All of lore.kernel.org
 help / color / mirror / Atom feed
From: "Deneau, Tom" <tom.deneau@amd.com>
To: ceph-devel <ceph-devel@vger.kernel.org>
Subject: seg fault in ceph-osd on aarch64
Date: Thu, 26 Mar 2015 17:10:04 +0000	[thread overview]
Message-ID: <BC97738F8E7C8742BABED7F06FB9DF91664108DD@SATLEXDAG01.amd.com> (raw)

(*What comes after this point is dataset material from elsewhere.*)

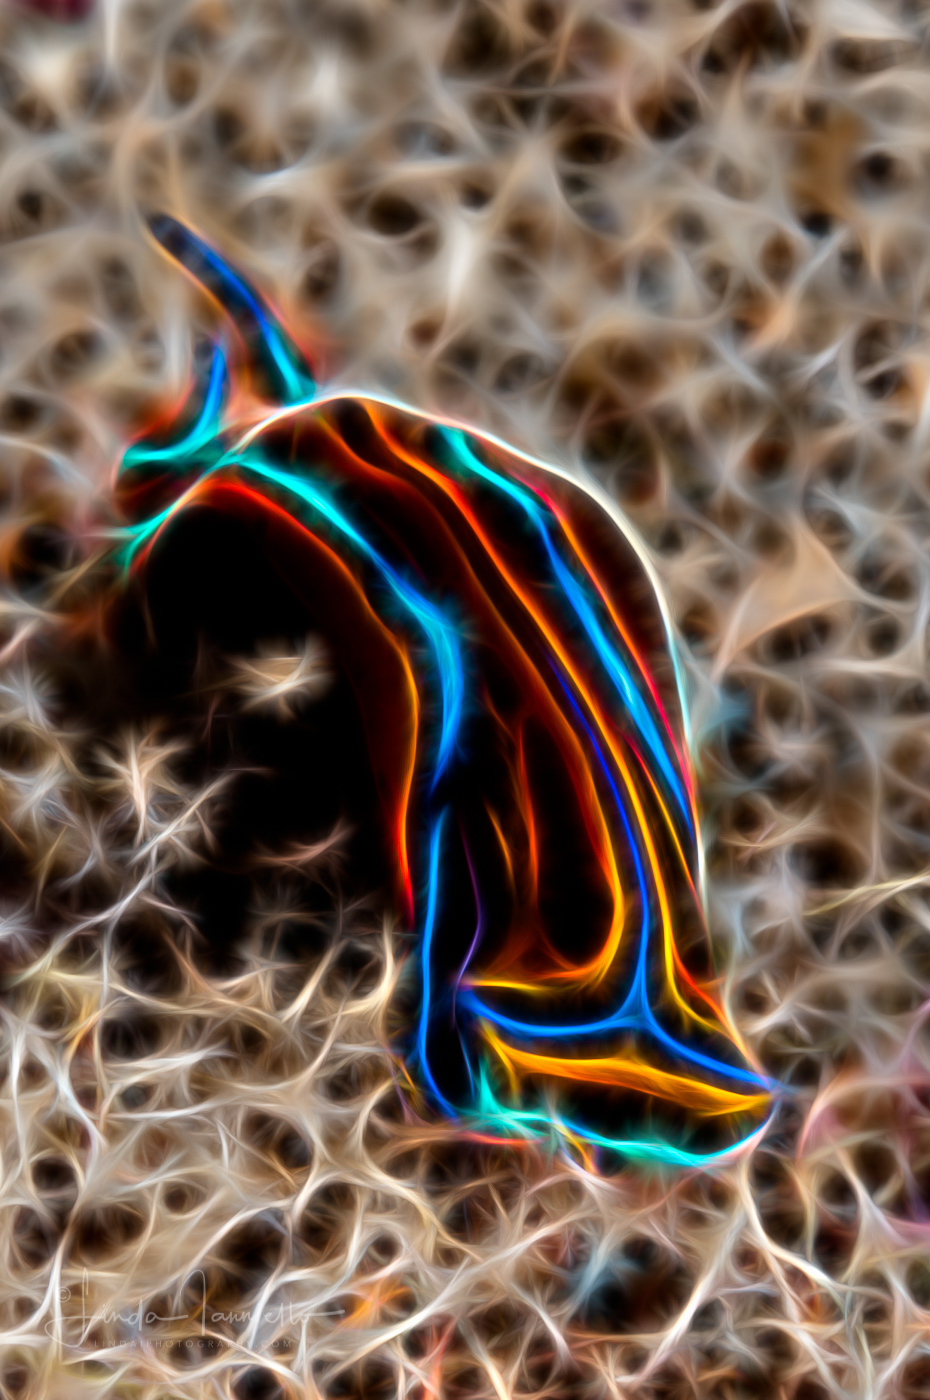 Fractal Art - Chelidonura hirundinina

I've been exercising the the 64-bit arm (aarch64) version of ceph.
This is from self-built rpms from the v0.93 snapshot.
The "cluster" is a single system with 6 hard drives, one osd each.
I've been letting it run with some rados bench and rados load-gen loops
and running bonnie++ on an rbd mount.

Occasionally (in the latest case after 2 days) I've seen ceph-osd crashes
like the one shown below.  (showing last 10 events as well).
If I am reading the objdump correctly this is from the while loop
in the following code in Pipe::connect

I assume this is not seen on ceph builds from other architectures?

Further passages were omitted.